The Ding Liren Affair

Let's return to The Karjakin Affair (March 2022), where I wrote,
I added the FIDE announcement about GM Karjakin's ban to my page 2022 Candidates Tournament. Why is this important to the Candidates event, scheduled to start in June?

The answer to that question was because Karjakin had earlier qualified as one of the eight candidates to challenge Magnus Carlsen in the next title match. Earlier this week we learned that the Russian Karjakin had been replaced by the Chinese Ding Liren.

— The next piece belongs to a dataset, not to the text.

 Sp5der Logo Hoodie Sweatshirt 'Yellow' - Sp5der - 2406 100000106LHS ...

We learned not via a formal announcement on the FIDE site, but via a tweet on the world's largest chat room. Even then, Karjakin's replacement wasn't identified by name in the tweet, but by a photo with an embedded caption.


Mark your calendars! We are a month away from the start of the #FIDECandidates in Madrid, Spain... (twitter.com; 16 May 2022)

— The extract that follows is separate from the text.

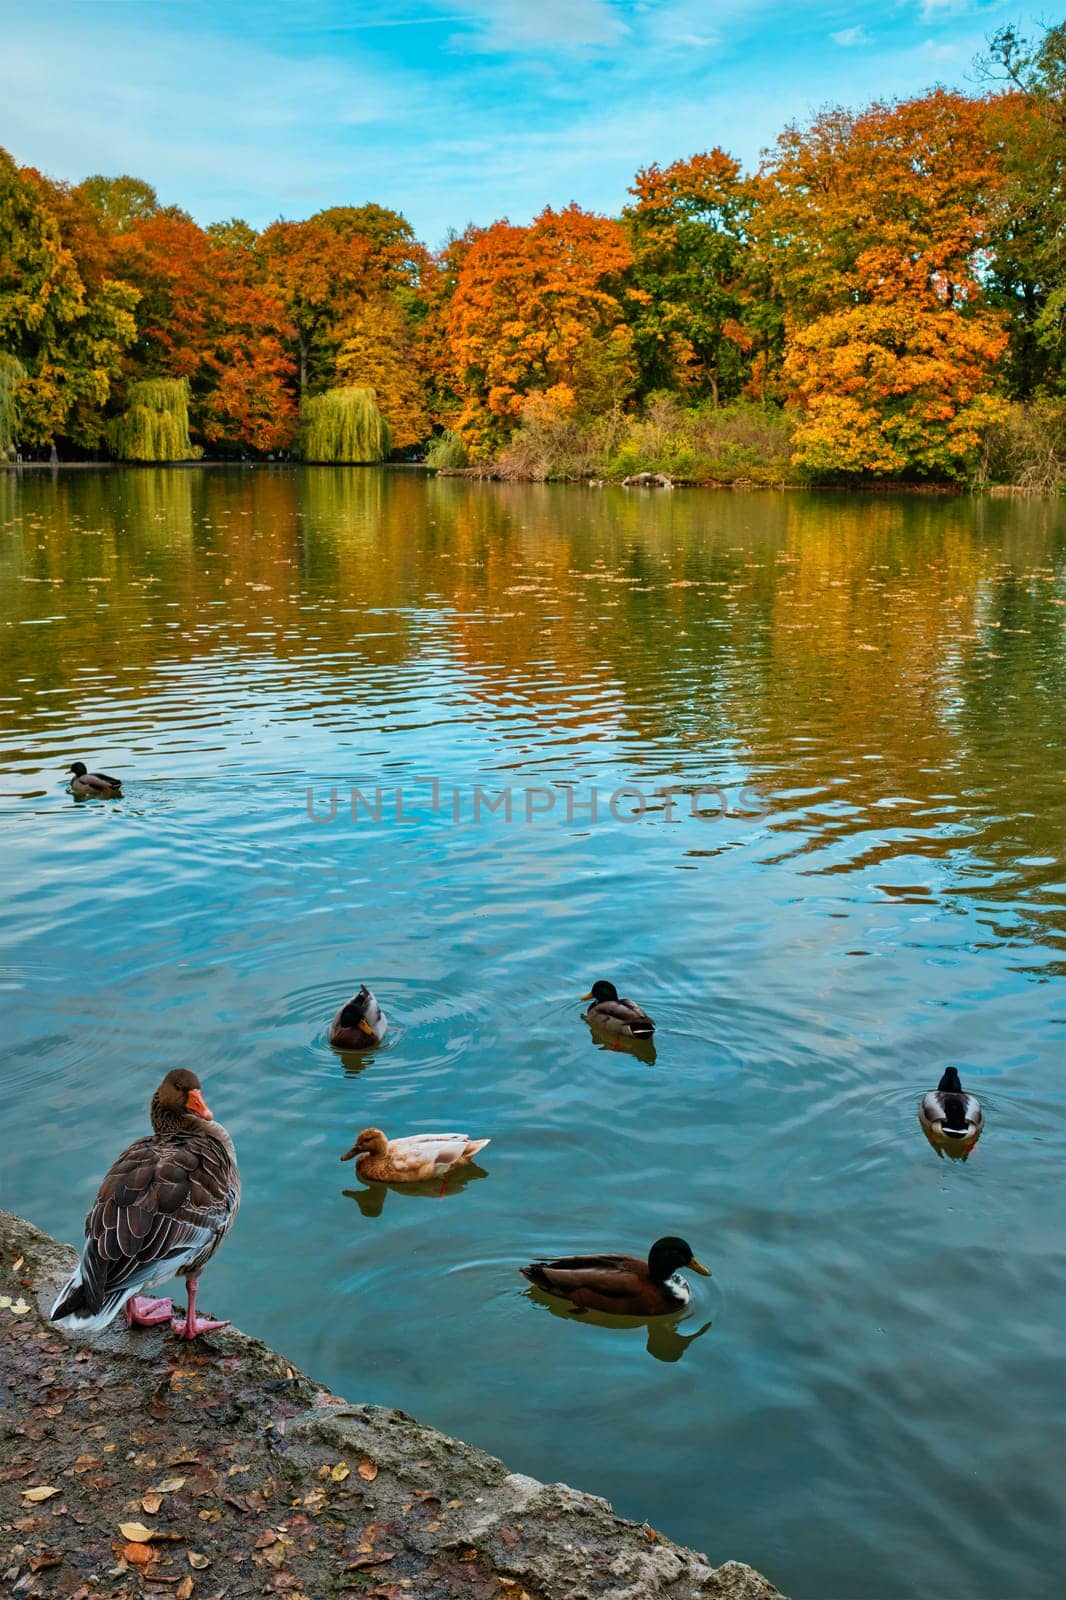 Ducks in a lake in Munich English garden Englischer garten park. Munchen, Bavaria, Germany by dimol

I hope we get a FIDE announcement so that I can add it to my page on the 2022 Candidates Tournament (m-w.com), due to start at Madrid in less than a month. I also hope they replace Karjakin's photo, which is still on what appears to be the official site for the tournament, FIDE World Championship. Cycle 2021-2023 (wcc.fide.com). I looked at that subdomain in my previous post on the cycle, 2022 Candidates; 2023(?) Title Match (May 2022), and nothing has changed since then.

So how did Ding Liren qualify for the second most important event in chess? He qualified by rating. The nitty-gritty was explained in two reports by Chess.com's Peter Doggers:-

As the comments to that second report testify, many chess fans aren't happy with the rating method of qualification, but rules are rules. Better to fix anomalies by updating the rules for the next time than to make stuff up as you go along.

For the nittier-grittier on the rating, see Ding, Liren CHN Individual Calculations Chess Ratings FIDE, period=2022-05-01 (ratings.fide.com). He gained 7.2 rating points for the period.